When Fluttershy and Rainbow Dash meet with Vignette, Vignette puts up her suggestion on their looks for the parade, but they disapprove and are teleported into the phone unexpectedly by Vignette. The two end up in a white place with the salad that Vignette sucked up in the beginning. Applejack looks for Fluttershy, but cannot find either of them. Applejack then sees footage that exposes Vignette's true colors to her. She now looks for Rarity to warn her about Vignette but she does not believe her, which turns into a confrontation after Vignette denies any sort of such magical incidents, upsetting them both. In the mean time, she teleports Pinkie Pie, Sunset and Twilight when they disapprove of some over-the-top looks. They are all locked in the white place and meet Rainbow Dash and Fluttershy, sharing each other's stories and trying to get out. Vignette prepares for the parade by projecting fake versions of the Rainbooms and designing them the way she wants. She then reveals her plan to Rarity and tries to teleport her when she angrily demands Vignette to somehow give her her friends back, but gets away.

Rarity finds Applejack and tells her that they cannot let Vignette perform at the cost of losing their friends. They call their friends, and when Applejack opens a door, they find her friends trapped in a room in the park. Believing Vignette will teleport anything she does not like into the room, they head to the parade to stop her. The Rainbooms use their magic to transform, defeat Vignette, and destroy her phone. Vignette feels devastated, and tells that she did this because she had the philosophy of "BYBB" ("Be Yourself But Better"). Vignette then reveals that despite having so many fans, she does not have any friends. Rarity and Applejack offer her genuine friendship, and the group performs a lively show at the parade, set to a montage of them playing at the amusement park.

==Cast==

- Tabitha St.
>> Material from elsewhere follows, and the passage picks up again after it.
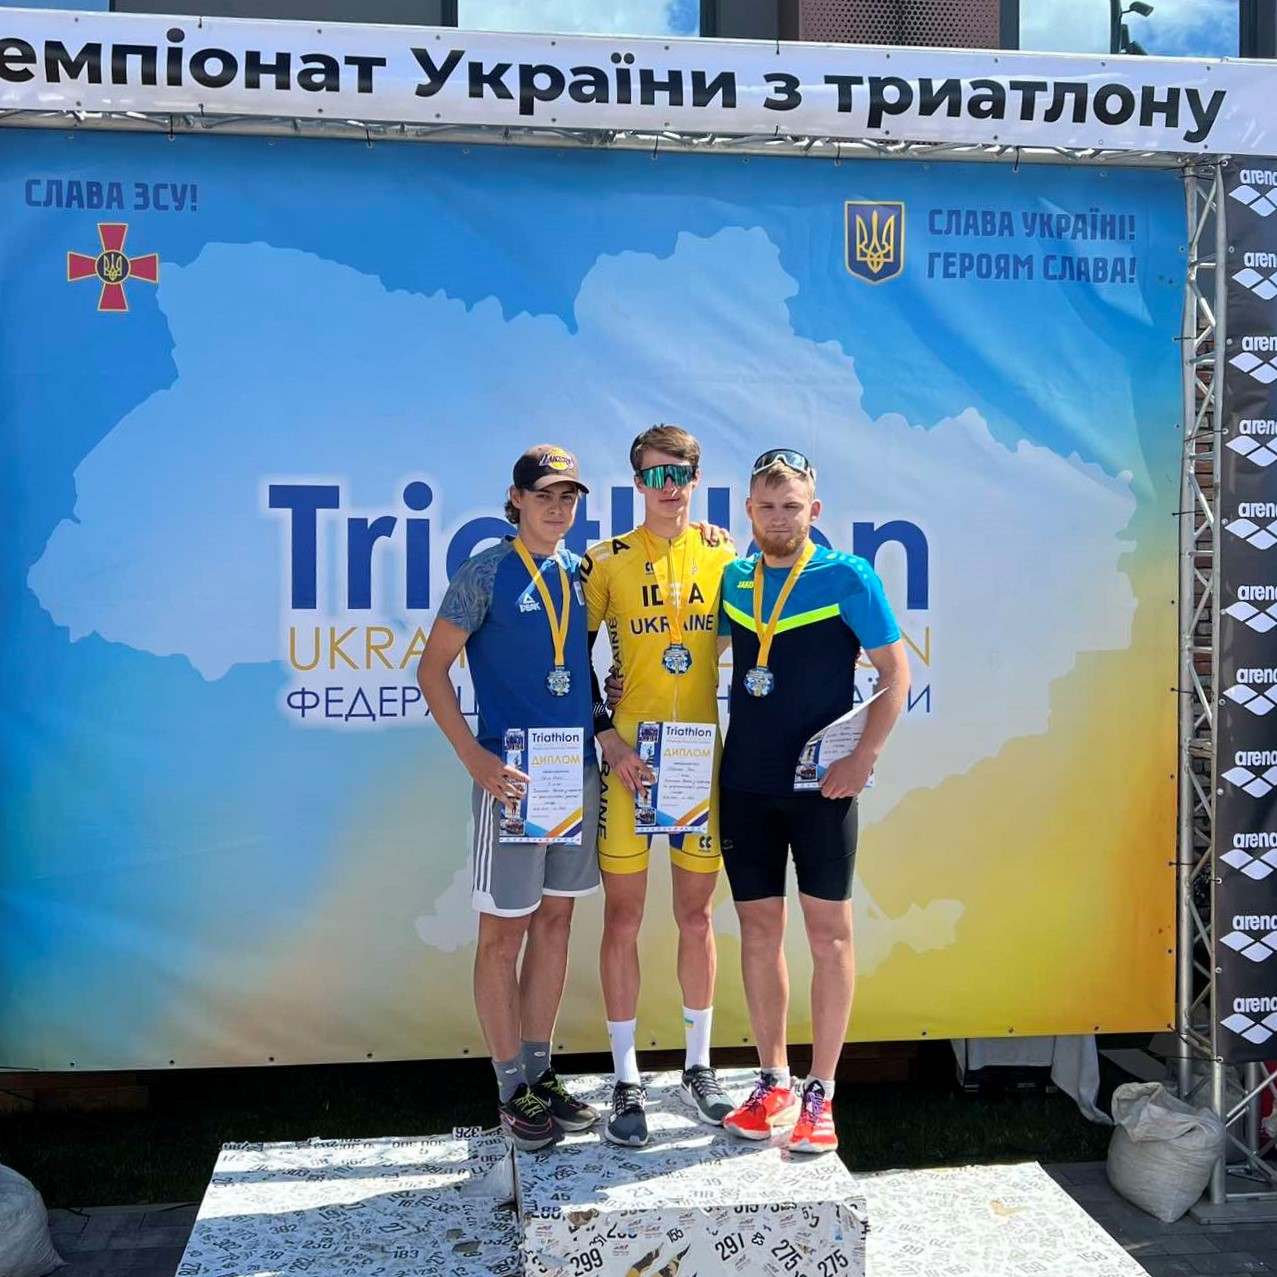 Спортсмен політехніки виборов бронзову нагороду Чемпіонату України з триатлону на суперспринтерській дистанції
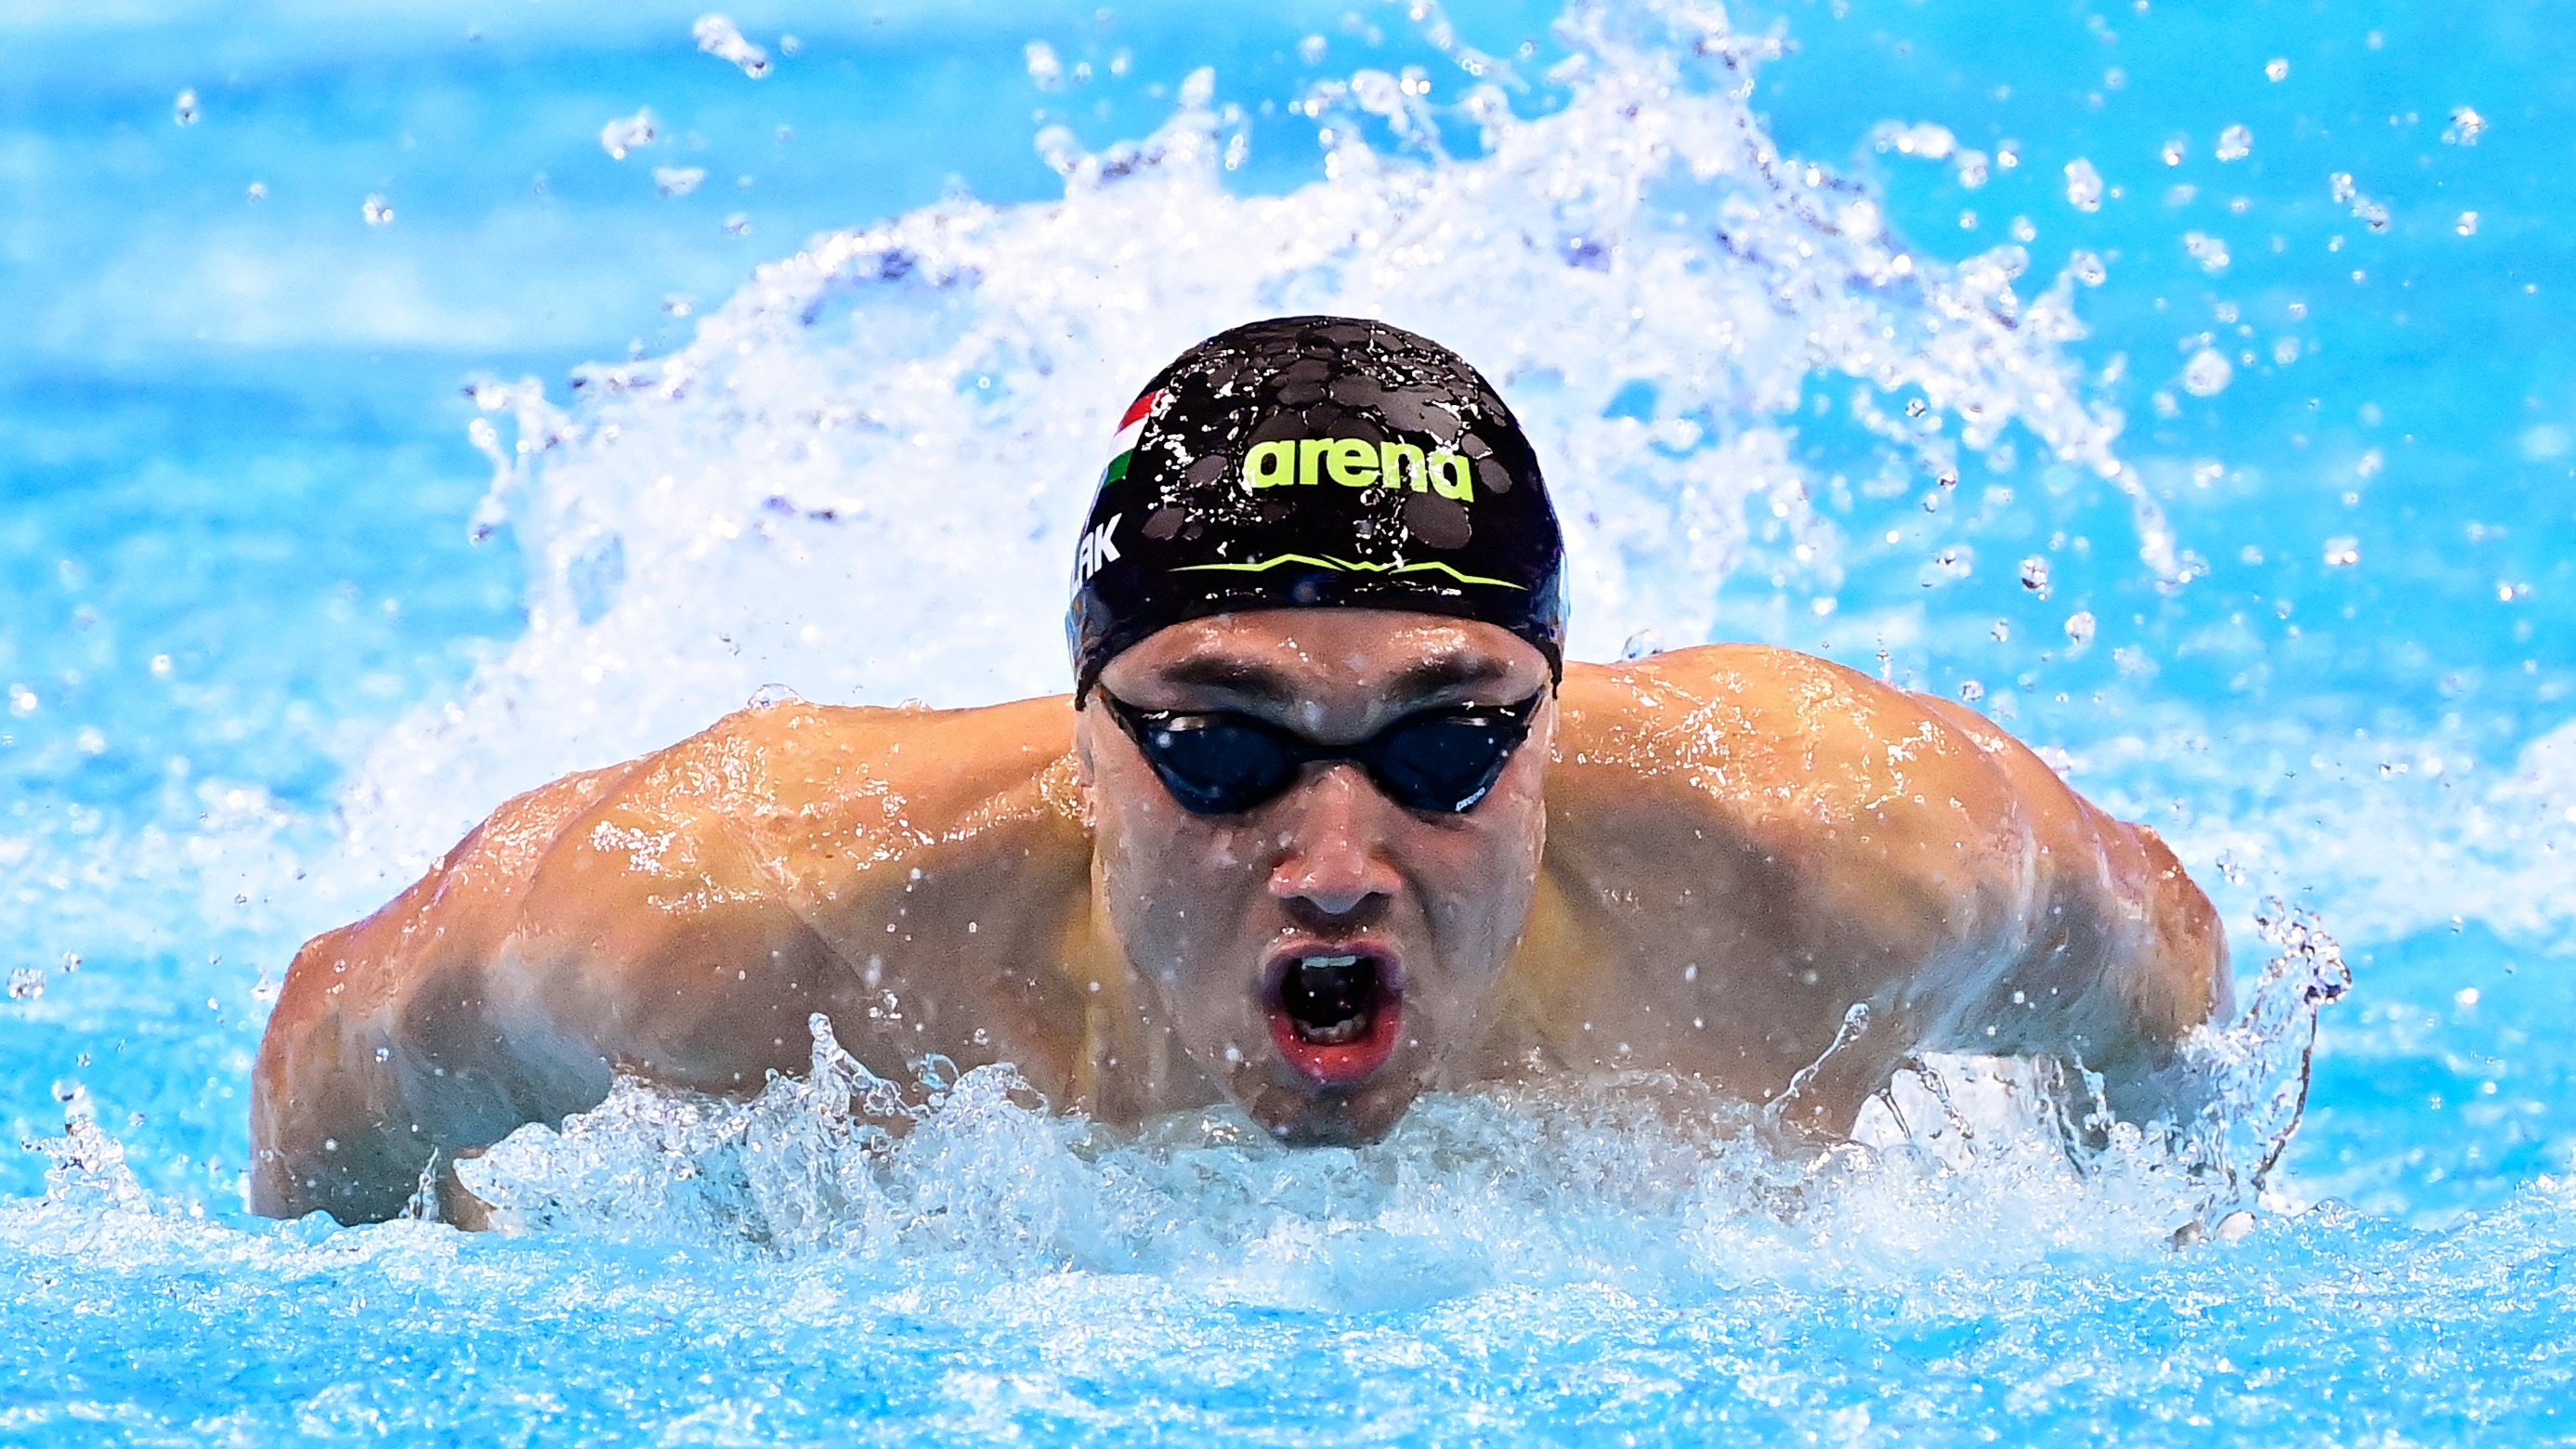 Milák káprázatos úszással, Eb-csúccsal nyert újabb aranyérmet

Germain as Rarity
- Ashleigh Ball as Applejack and Rainbow Dash
- Rebecca Shoichet as Sunset Shimmer, Costume Designer in a special appearance in the song "Photo Booth"
- Tara Strong as Twilight Sparkle
- Andrea Libman as Pinkie Pie and Fluttershy
- Tegan Moss as Vignette Valencia
- James Kirk as Micro Chips
- Sam Vincent as Flim
- Scott McNeil as Flam
- Richard Newman as Security Guard

===Featured Singers===
- Kazumi Evans as Rarity
- Rebecca Shoichet as Twilight Sparkle

==Release==
Rollercoaster of Friendship premiered on Discovery Family (a joint venture between Discovery, Inc. and Hasbro) as part of its "Summer Surprises" programming block on July 6, 2018.

===Home media and streaming===

On YouTube, Hasbro's official channel released the special in five parts. Its first episode was uploaded on August 31, 2018 and its last episode on September 28. On October 1, 2018, the special was made available for streaming on Netflix in the United States alongside Forgotten Friendship.

Bundled with Forgotten Friendship, the special was also released on DVD on November 1, 2018 in the United Kingdom.